_Action item_
If pictures are present, leave them out, and copy the data word for word.

_Data shown_
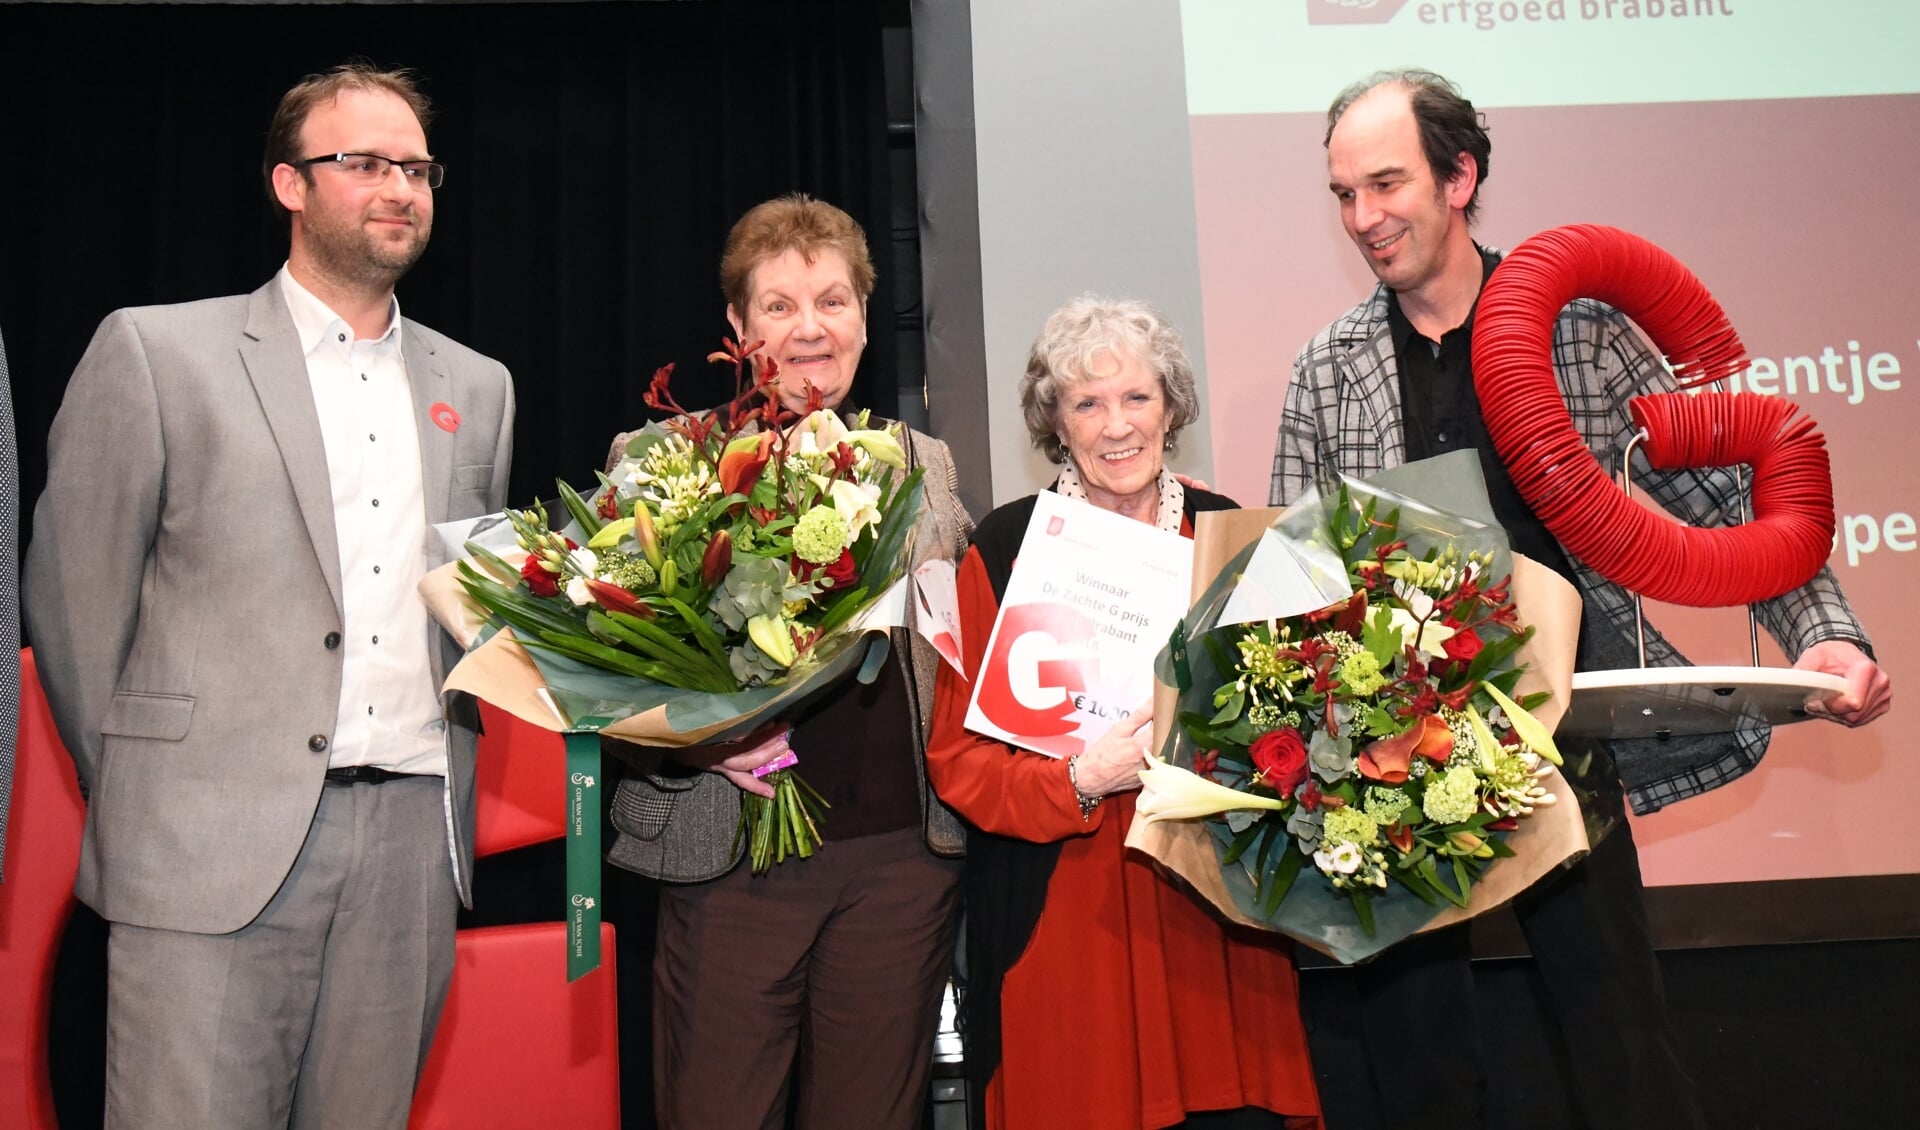 De vorige winnaars: Mientje Wever en Adri Hoppenbrouwers. (Foto: Frans van den Bogaard)
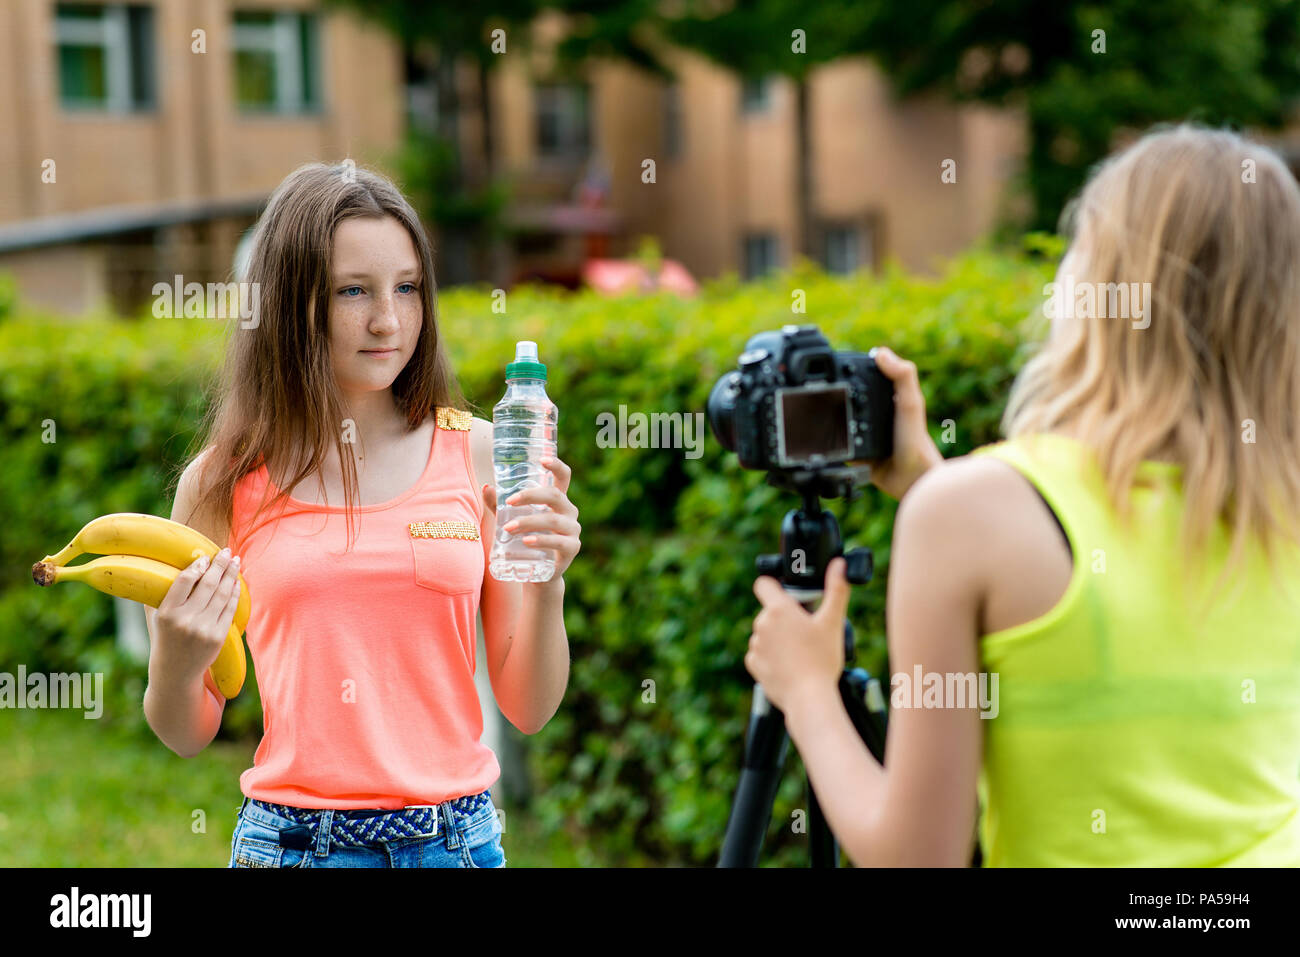 Les jeunes filles des blogueurs, à l'été en ville sur la nature. Enregistrer une vidéo sur l'appareil photo. Dans ses mains tient une bouteille d'eau et deux bananes. Caméra wifi Utilisation Banque D'Images
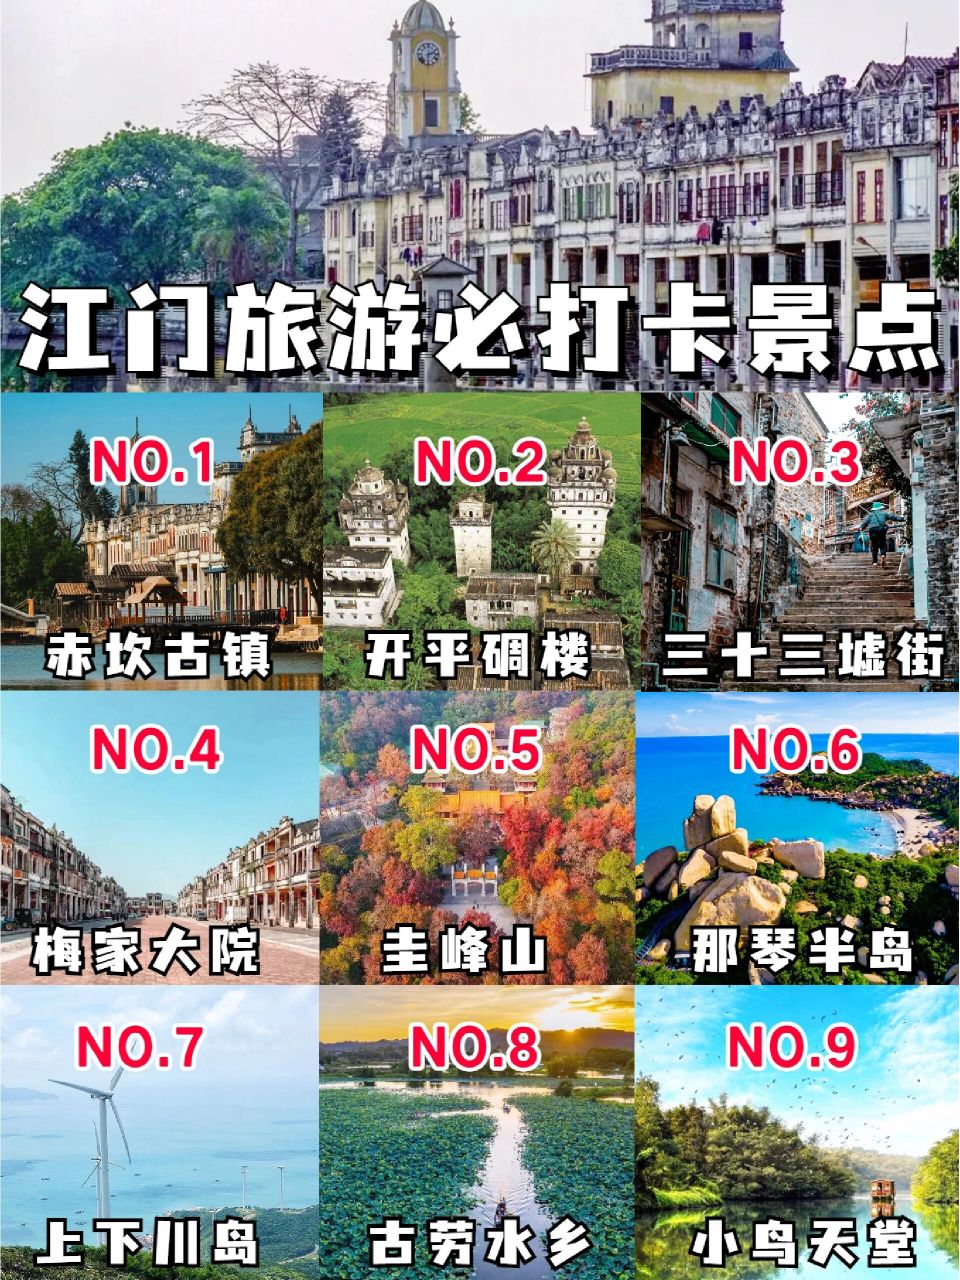 江门旅游景点排名图片
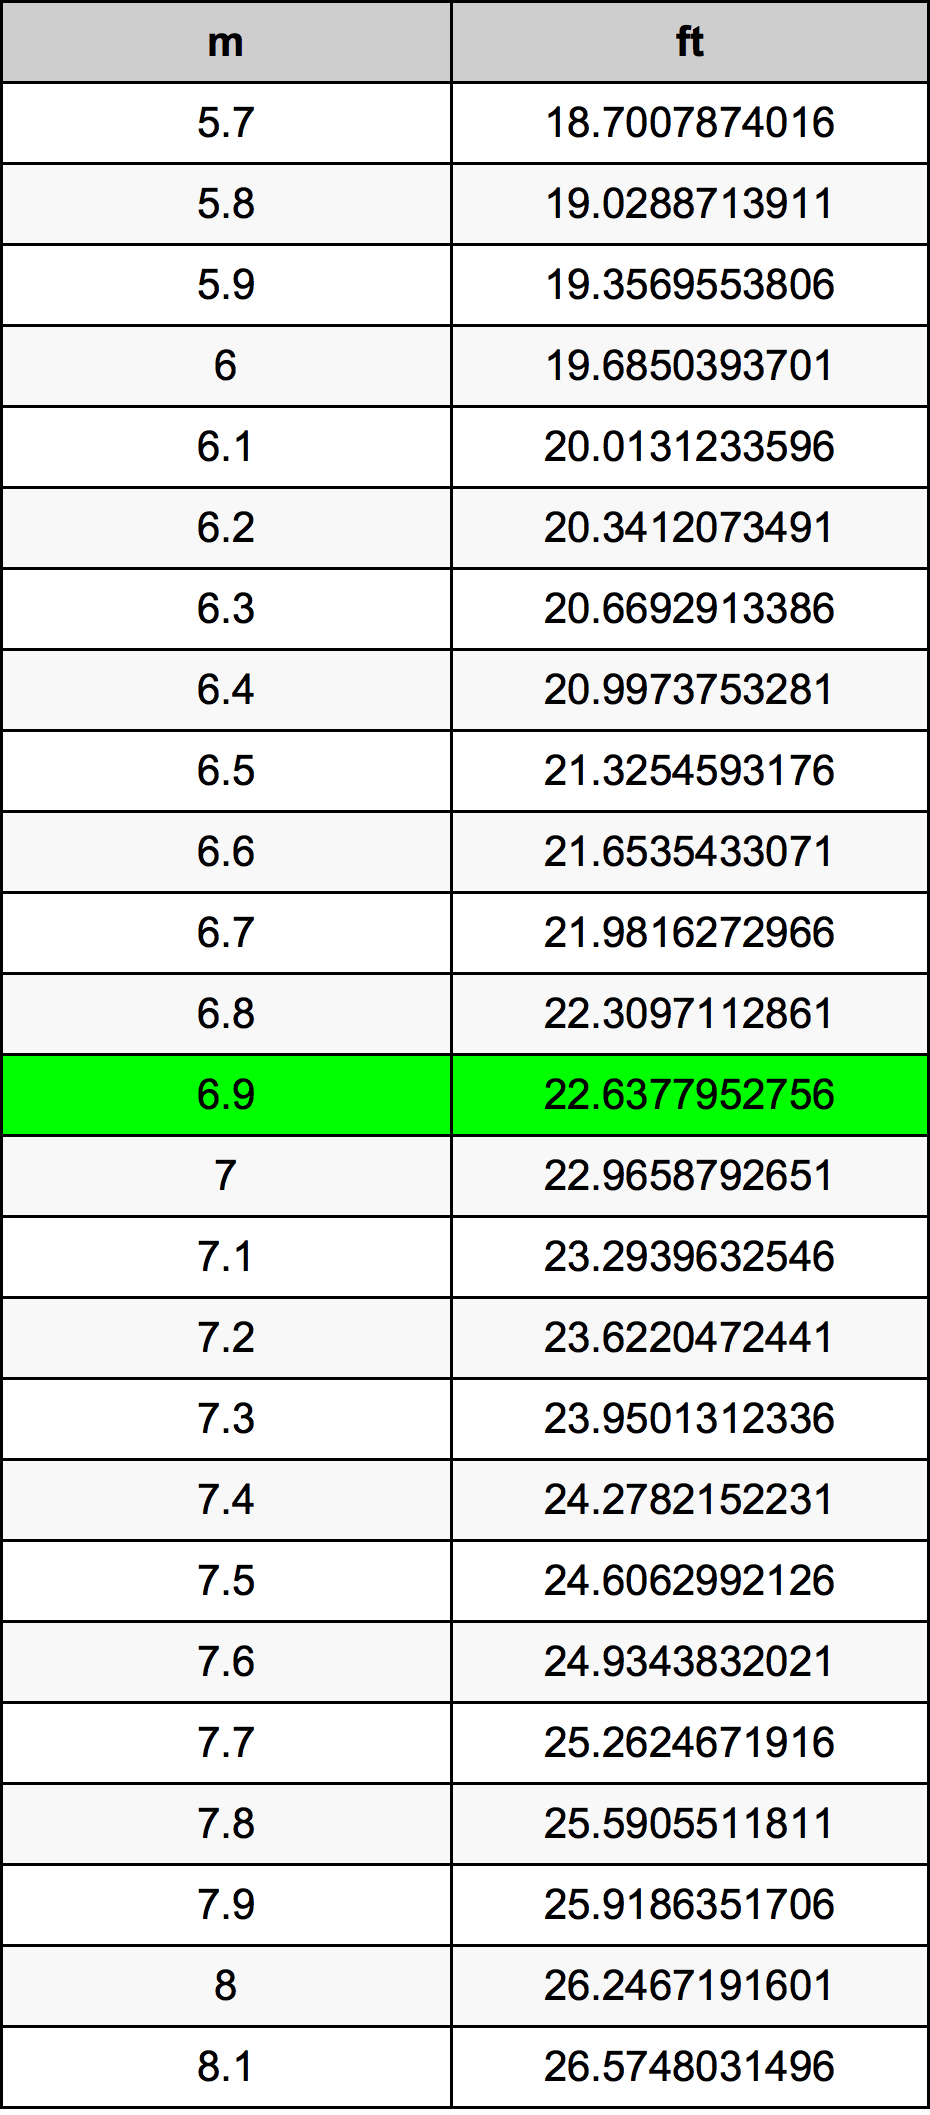 6.9 Metru tabelul de conversie

_Task result_
 De vorige winnaars: Mientje Wever en Adri Hoppenbrouwers. (Foto: Frans van den Bogaard)
 Les jeunes filles des blogueurs, à l'été en ville sur la nature. Enregistrer une vidéo sur l'appareil photo. Dans ses mains tient une bouteille d'eau et deux bananes. Caméra wifi Utilisation Banque D'Images
 江门旅游景点排名图片
 6.9 Metru tabelul de conversie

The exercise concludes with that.